Process-spawn systems use signals to communicate with the running code, largely. But the way signals are handled in threading prevents ios_system to deal with them perfectly.

  1. environment variables

Unlike processes, which each has one copy of its own environment variables, threads share one copy of environment variables. As a result, it is often tricky to manipulate environment variables in ios_system.

Now are my answers to your questions:

  1. For the understanding of the working of iVim's external commands, you can refer to the ios_system project. In it, it provides the source code of the whole simulation idea. Moreover, Nicolas also generously provides some tools that he has been adapting for ios_system, and instructions in details to do the adaption. You can also have a look at my modification of the tool catimg: https://github.com/terrychou/catimg_ios .

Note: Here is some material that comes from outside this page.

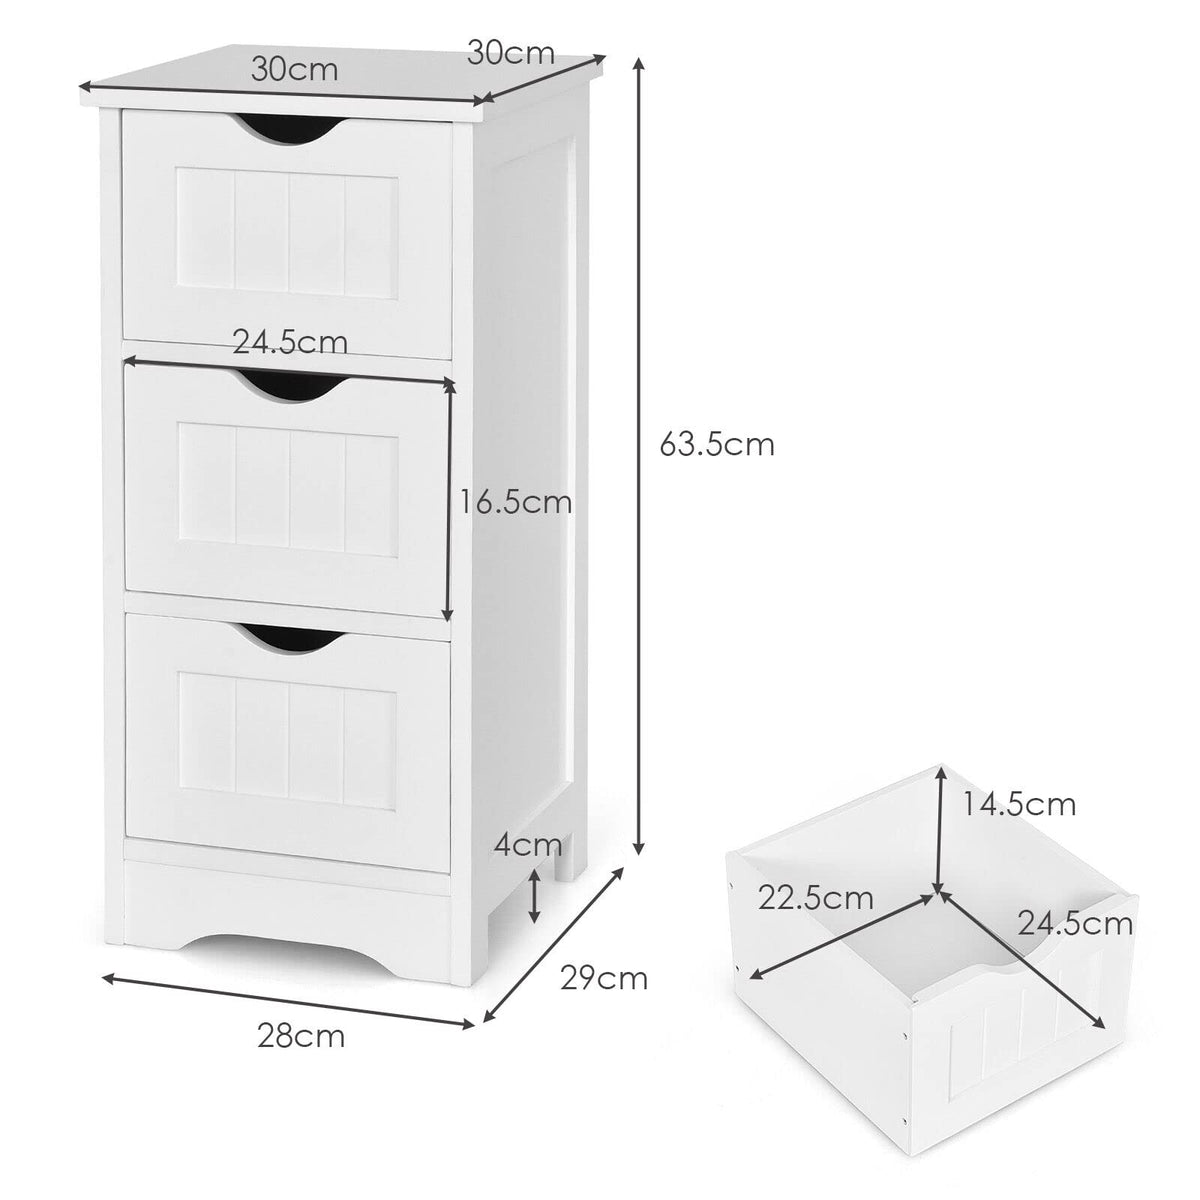 Giantex Bathroom Floor Cabinet, Side Storage Organizer Cabinet with 3 Drawers, Anti-Toppling Kit, White

  2. As to git, I have been considering adding it to iVim too. However, even though it is open source, its code base looks a bit of complicated to adapt ios_system. There is a third party library called libgit2 (https://github.com/libgit2/libgit2) offering git's functions, it doesn't provide the exact command line interface as git, though. Since iVim provides python scripting support, another approach could be to use some python implementation of git, like the dulwich package. With all above said, if you want to give it a try to adapt the git code base, please do and it would be wonderful. If you have any other good ideas, please do share.

andyxukq commented 4 years ago

Thanks for taking time to answer my questions and much appreciate your detailed explanation.

Because of the limitations you mentioned, there must be tons of cross-platform patches to be done in order to bind UNIX programs to iOS eco, and that's what makes projects including yours so valuable :D

I see that the latest version of iVim (built with ivish) isn't on Github yet. I was wondering if you could shed some light on how you implemented the interactive shell (terminal)? The shell comes with iVim is very high quality.

terrychou commented 4 years ago

I have pushed up the latest code of iVim and the code of ivish (https://github.com/terrychou/ivish), you can check them out.

andyxukq commented 4 years ago

Thanks! Checking them out.

idvorkin commented 3 years ago

@terrychou Woah -- I haven't used iVIM in a while, this new terminal is incredible (as is plug support, and iex support - wow!).

I agree, git is the critical missing command. Just tried dulwich but looks like it needs to compile stuff. Would it make sense to create a new issue for just git support?

Would it make sense to make a bounty for the git feature? I'm guessing it's a boon for all apps using ios_system, and folks would be willing to donate!